OAKLAND, California, May 1, 2026, 14:01 PDT
Shares of The Clorox Company dropped roughly 9.6% to $87.11 Friday after the consumer products giant slashed its outlook for fiscal 2026 profit. The company blamed margin pressure on rising energy expenses, the timing of retail inventory, and additional costs linked to its Purell acquisition.
The cut takes on added weight now, as household-products makers feel the pinch on both ends—shoppers are scrutinizing prices, but fuel, freight, and commodities aren’t getting any cheaper. According to Reuters, fallout from the Middle East conflict is nudging consumer-goods companies to revisit both pricing and expenses. Clorox, for one, is seeing its margins come under strain.
Clorox is still working through a rough patch of internal shifts. The company announced it wrapped up the third and final phase of its U.S. ERP rollout—a business software overhaul that touches finance, orders, and supply chains—but said costs tied to stabilizing the system have overshot forecasts.
The company cut its adjusted earnings per share outlook for fiscal 2026, now seeing $5.45 to $5.65, down from the previous $5.95 to $6.30 range. Diluted EPS guidance landed at $4.78 to $4.98. Organic sales—which leave out acquisitions, divestitures, and currency swings—are expected to drop about 9%.
Third-quarter sales held steady at $1.67 billion. Adjusted earnings per share climbed 13% to $1.64, thanks in part to tighter costs and reduced spending on advertising and admin, though gross margin slipped 140 basis points, landing at 43.2%. For reference, a basis point equals one-hundredth of a percentage point.
Linda Rendle, the company’s chair and CEO, described the quarter as “mixed.” She noted several businesses lagged behind in regaining market share. For the outlook, Rendle flagged persistent challenges with consumers and costs, saying there’s still “more work to do.” Q4 Capital
Management pointed to continued value-seeking across the quarter. Higher-income consumers gravitated toward bigger pack sizes and opted for club stores, while those with lower incomes leaned into smaller, less expensive picks. That divergence matters for Clorox’s lineup—Glad, Brita, Burt’s Bees, Fresh Step, Hidden Valley—since shelf space and promotional tactics often decide if shoppers stick with branded goods or switch down.
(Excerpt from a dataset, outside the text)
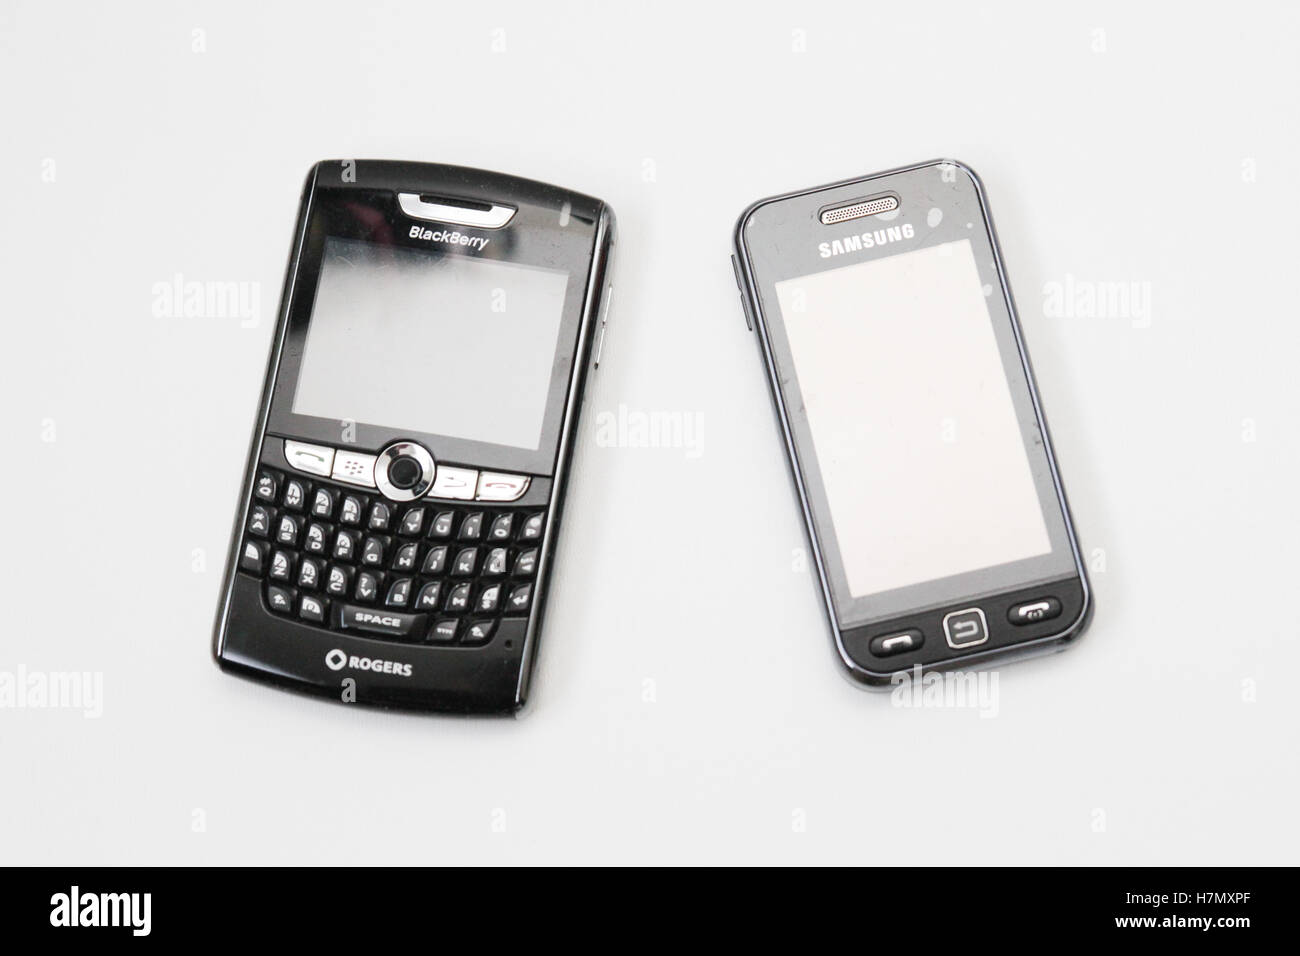 Teléfonos blackberry immagini e fotografie stock ad alta risoluzione - Alamy
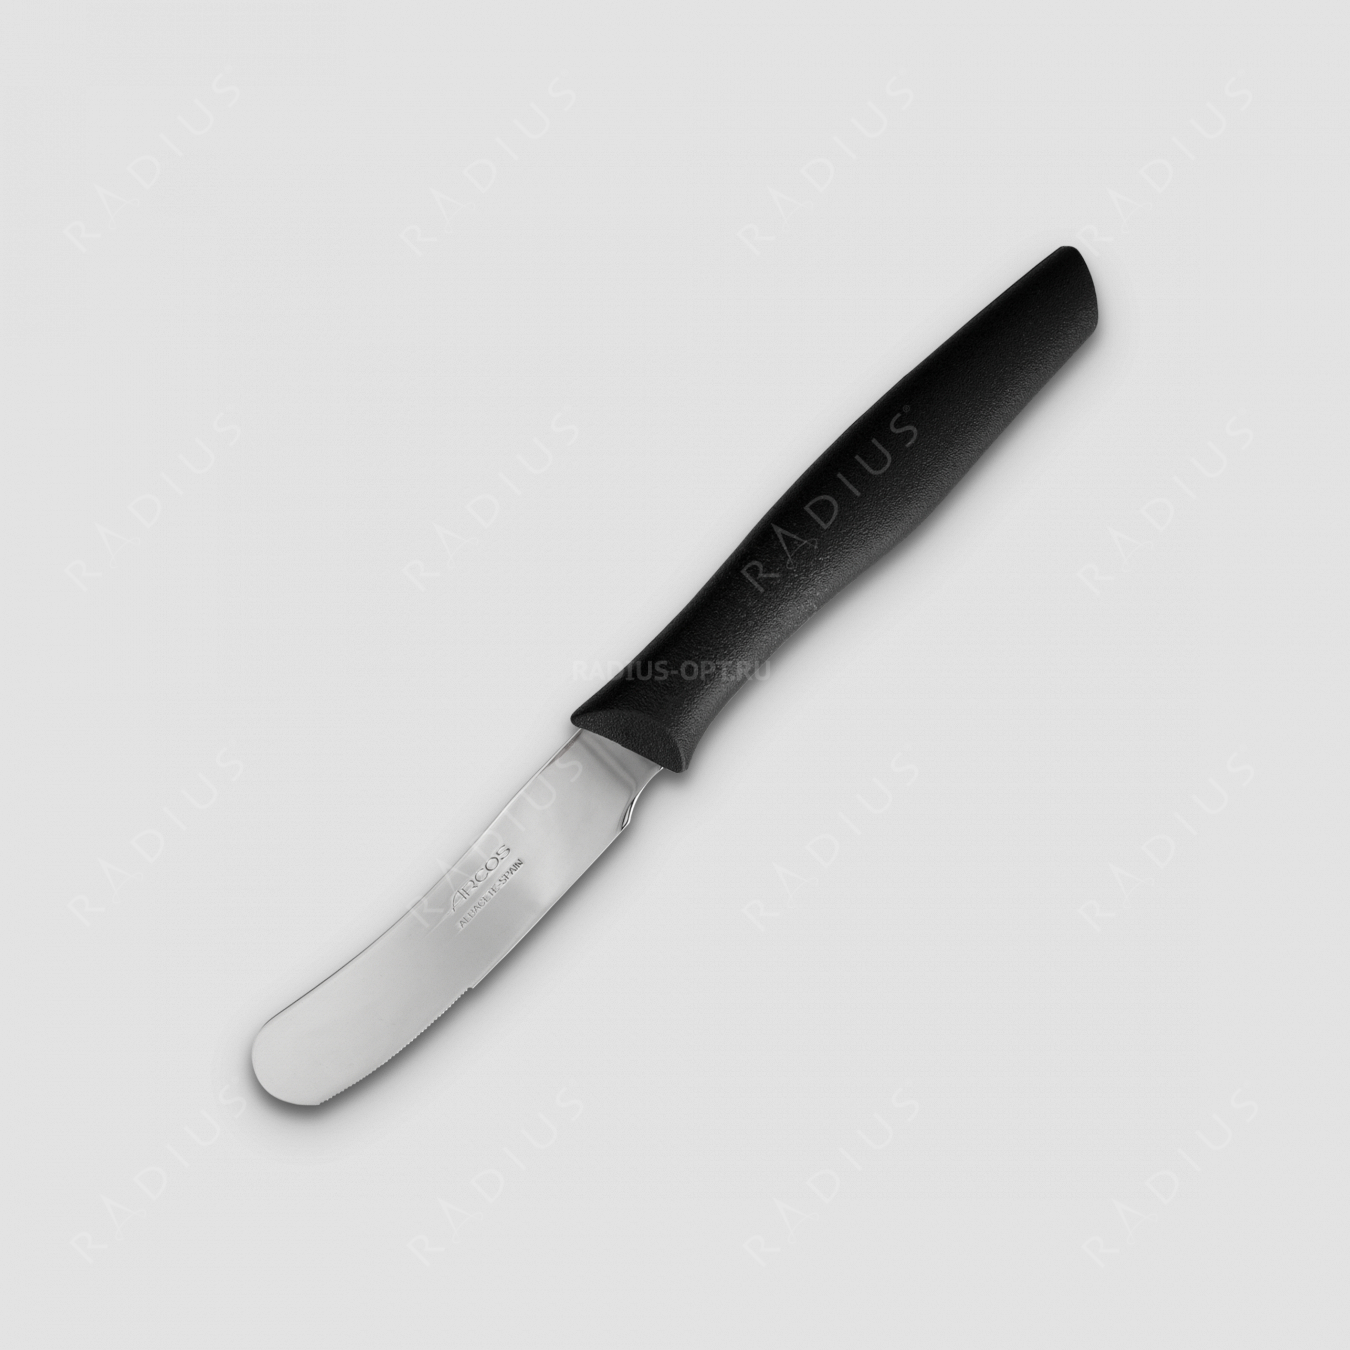 Нож кухонный для масла 9 см, рукоять черная, серия Nova, ARCOS, Испания

There’s the GOJO acquisition to factor in now. Clorox wrapped up its purchase of GOJO Industries, the Purell maker, on April 1. The buyout brings health and hygiene lines under Clorox’s roof, but it’s not all upside—there are some upfront costs to contend with. According to the company, GOJO should contribute around $200 million in sales for the fourth quarter and just under three percentage points to sales in fiscal 2026. Adjusted EPS, though, will take a 2 to 4 cent hit.
On the earnings call, Chief Financial Officer Luc Bellet told analysts Clorox is budgeting for oil at around $100 a barrel in the fourth quarter. That’s pushing up costs by $20 million to $25 million and shaving roughly 130 basis points off gross margin. As for next year, Bellet flagged the uncertainty: “It’s very hard to predict what might happen,” he said. The Motley Fool
Pressure isn’t confined to one name. On Friday, Colgate-Palmolive flagged an extra $300 million in raw material and logistics costs tied to turmoil in the Middle East. Procter & Gamble, according to Reuters, has also signaled a significant profit squeeze from pricier oil inputs. On the day, Clorox lagged both stocks. Procter & Gamble barely moved, while Colgate-Palmolive ended higher.
Segment performance was mixed. Household sales climbed 3%, with cat litter and grilling products doing the heavy lifting on volume. Lifestyle lagged, dropping 9% after lower consumption and retail inventory shifts. International sales put up an 8% gain, driven by both volume and favorable currency. Health and Wellness? Little movement there.
That reset isn’t all downside. There’s a shot the outlook lands on the cautious side—oil could slide, ERP headaches might clear, and Purell settles in without drama. Still, if consumers keep holding back and promo wars heat up, Clorox could end up shelling out even more just to hang onto shelf space, dragging out any margin bounce until fiscal 2027.
Clorox isn’t trimming its brand support, sticking with plans to allocate roughly 11% of net sales to advertising and sales promotion. Now comes the fourth quarter, where management is bracing for a roughly 13% drop in organic sales—much of that tied to last year’s ERP-related shipment timing.